▶ **Dataset extract**
※

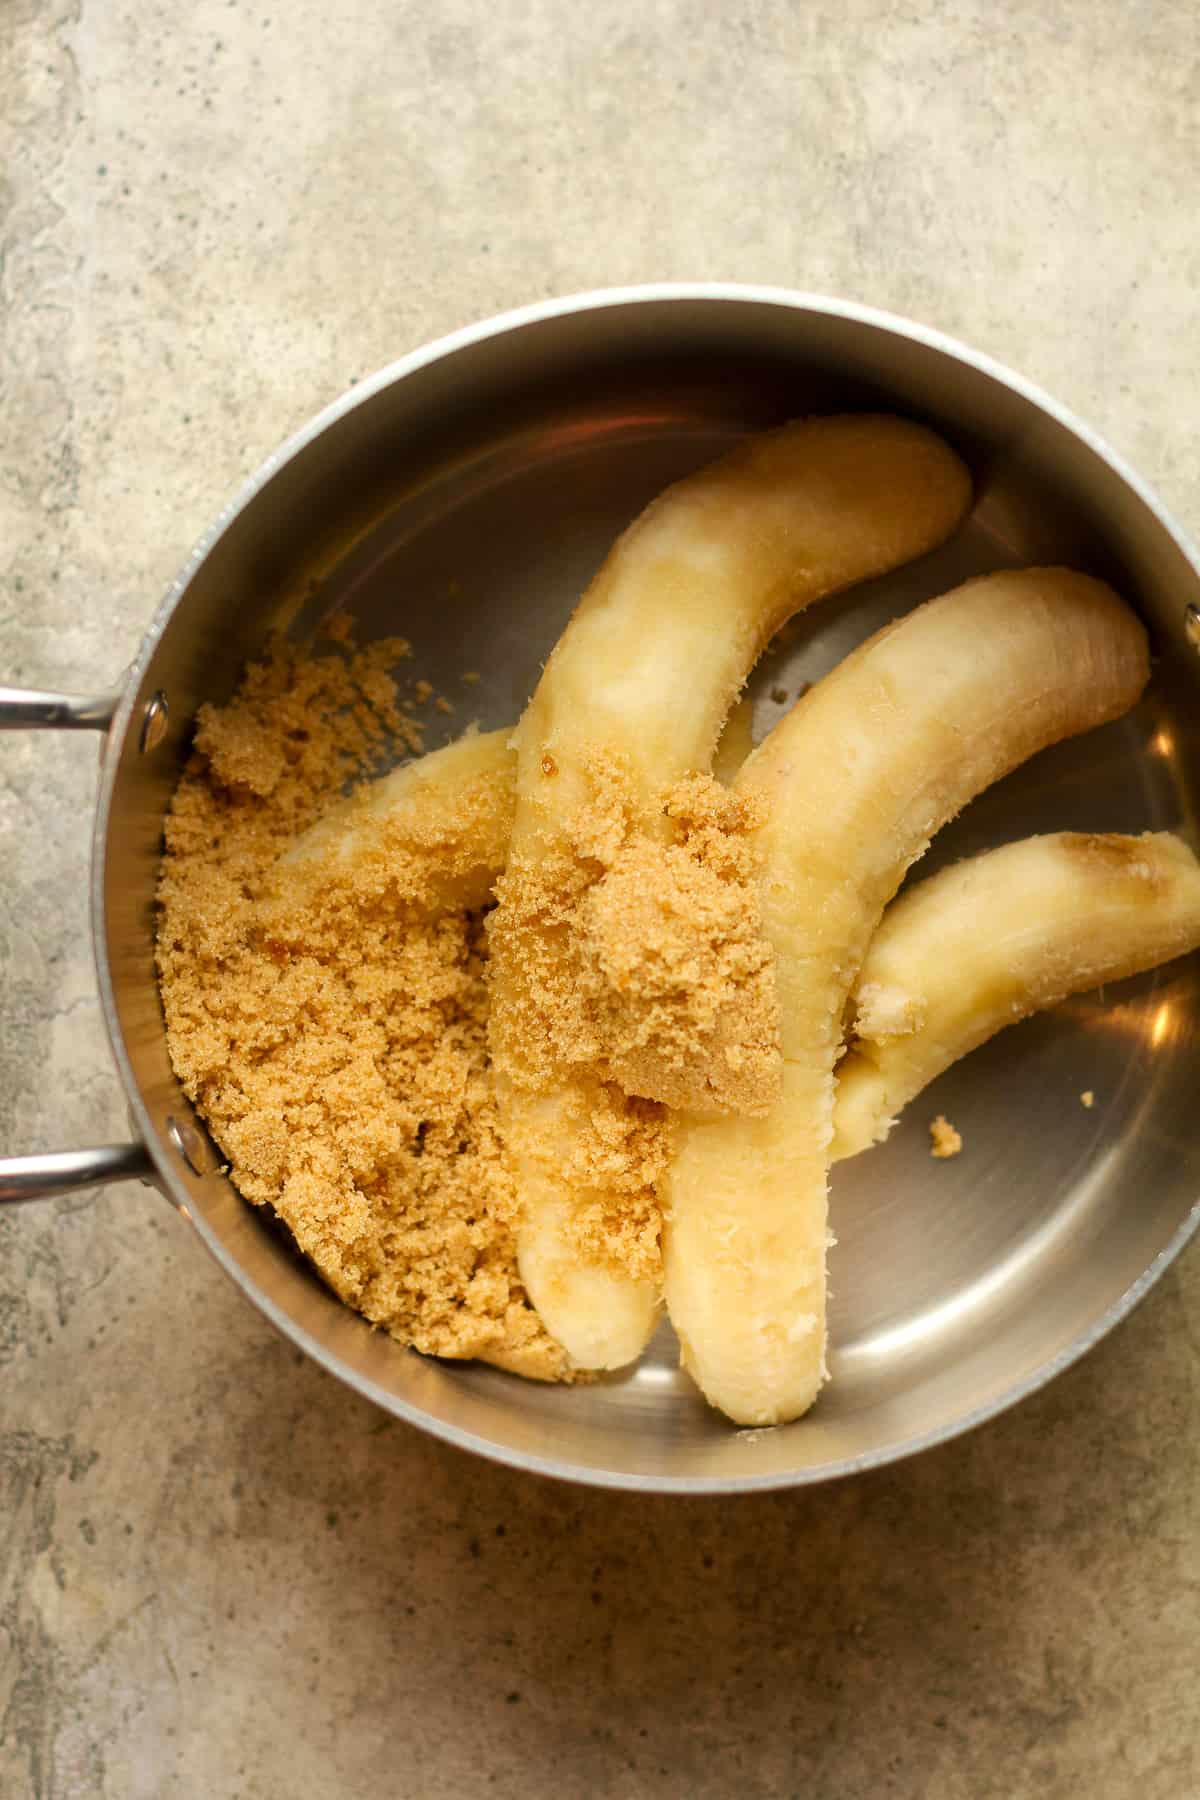 The ripe bananas plus brown sugar in a pan.
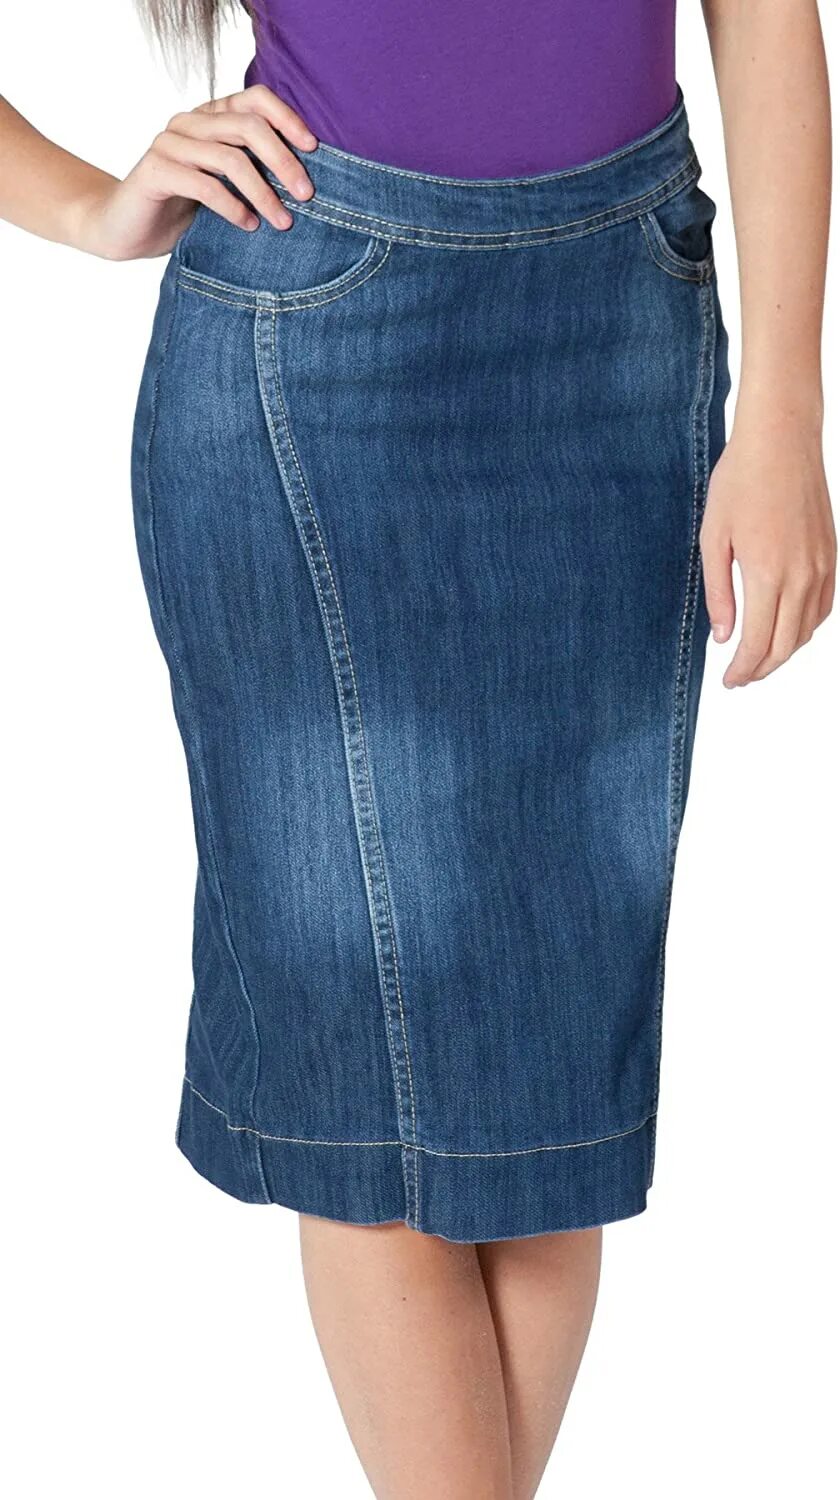 Джинсовая юбка прямая. Юбка джинсовая. Юбка джинсовая женская. Джинсовые юбки прямые. Прямая джинсовая юбка.
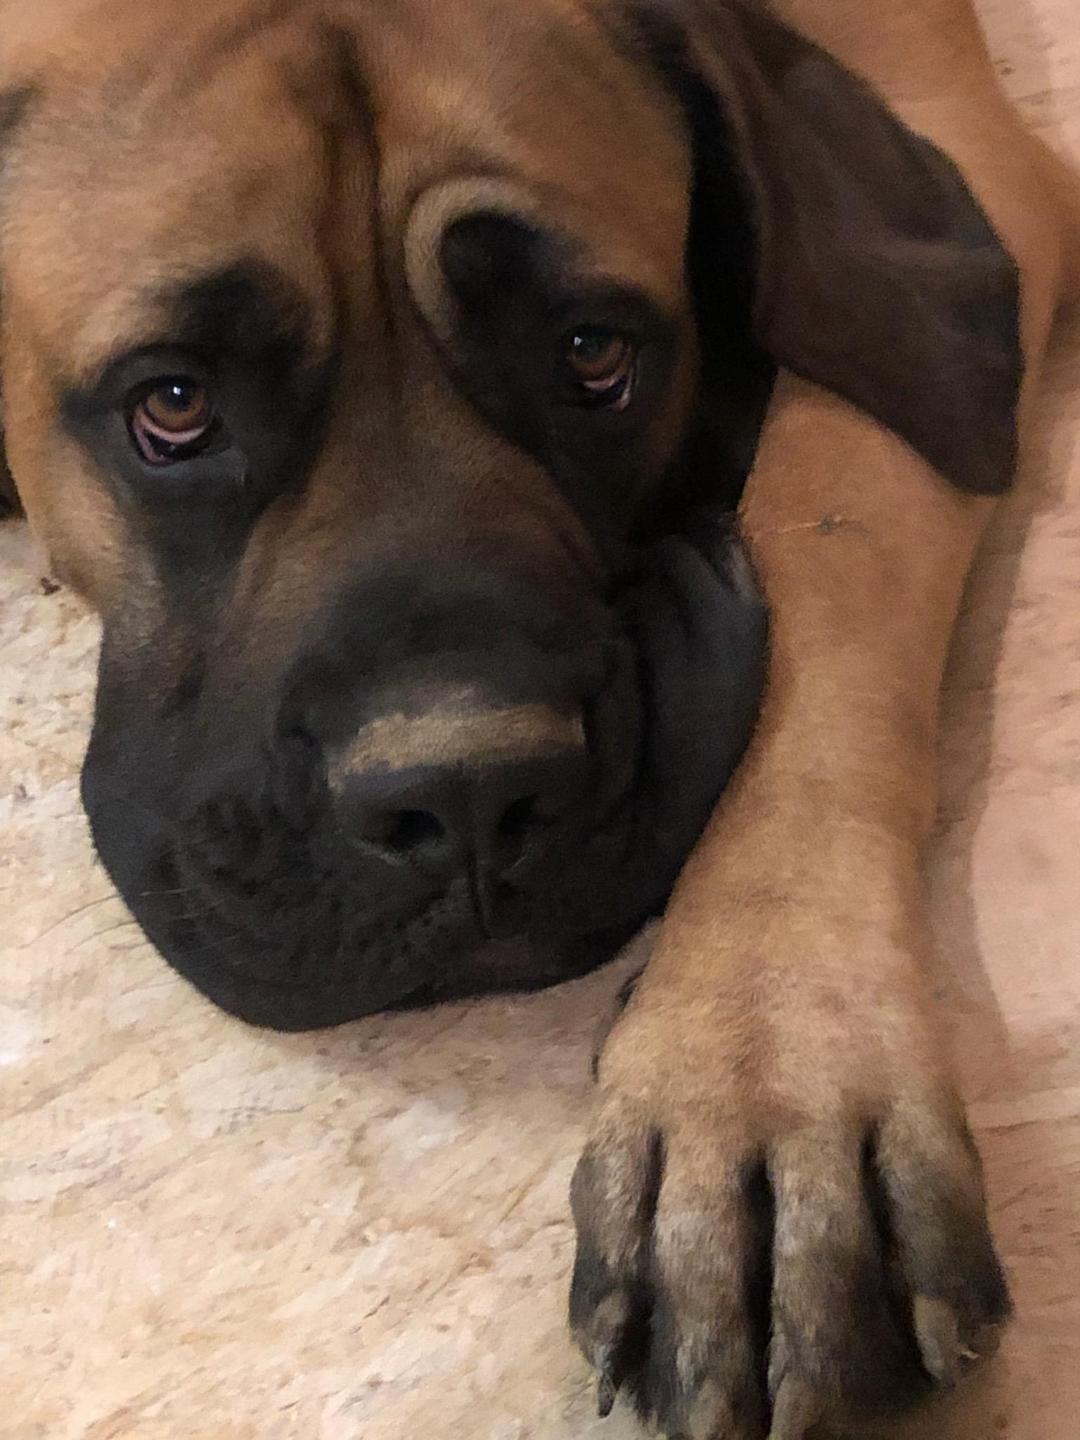 sad looking dog
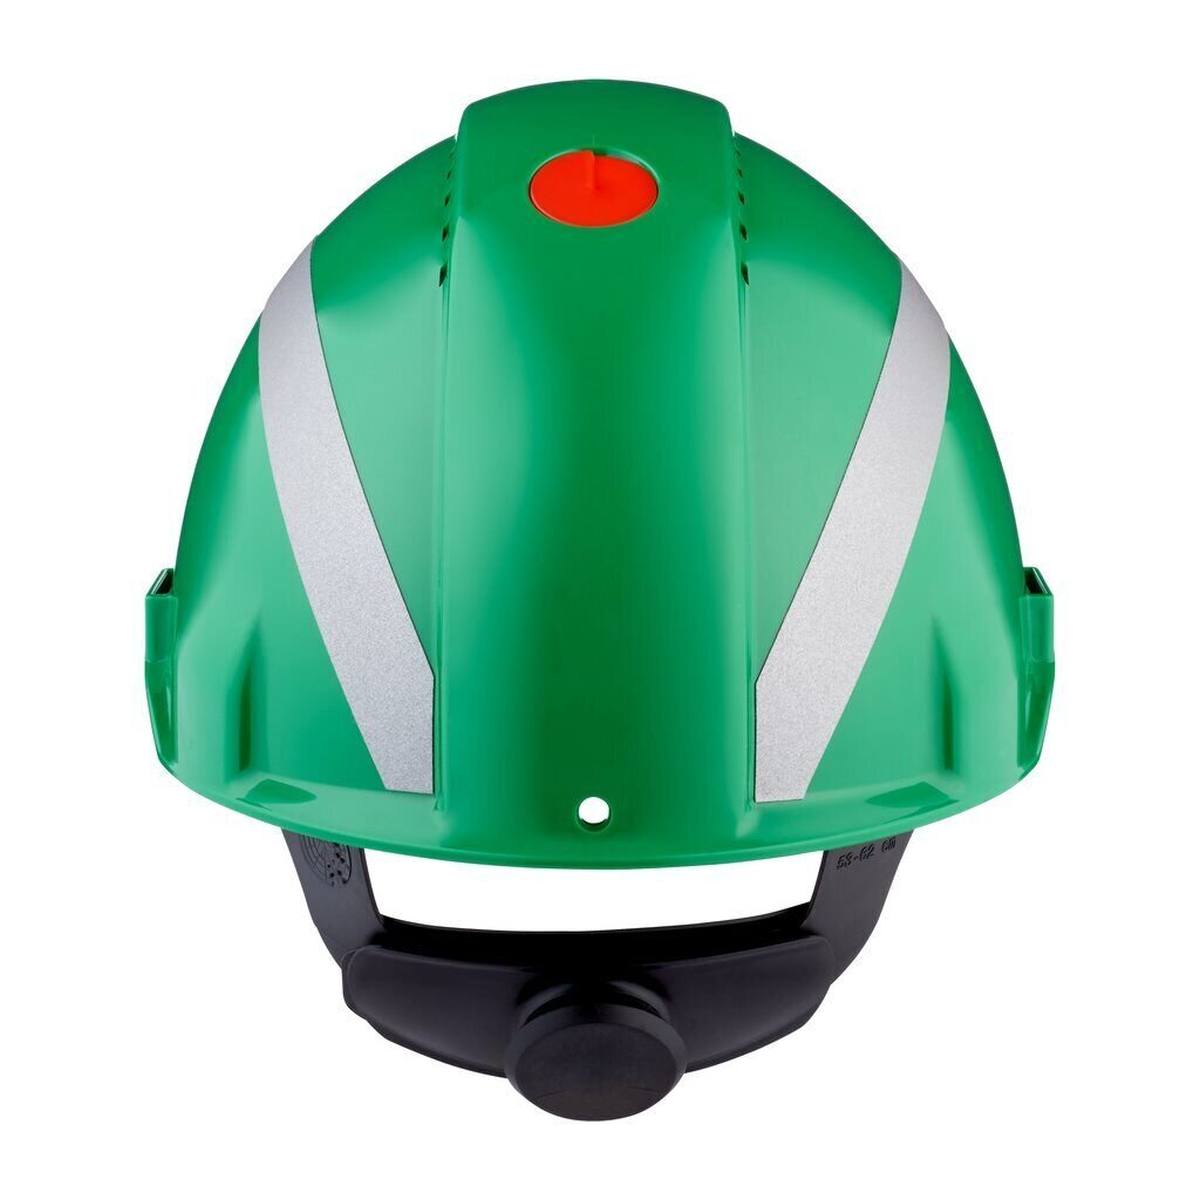 3M Casco de seguridad G3000 con indicador UV, verde, ABS, cierre de trinquete ventilado, banda de sudor de plástico, pegatina reflectante

※

▶ **What you need to do**
Please copy the data above exactly; the pictures do not belong in the copy.

▶ **Written answer**
 The ripe bananas plus brown sugar in a pan.
 Джинсовая юбка прямая. Юбка джинсовая. Юбка джинсовая женская. Джинсовые юбки прямые. Прямая джинсовая юбка.
 sad looking dog
 3M Casco de seguridad G3000 con indicador UV, verde, ABS, cierre de trinquete ventilado, banda de sudor de plástico, pegatina reflectante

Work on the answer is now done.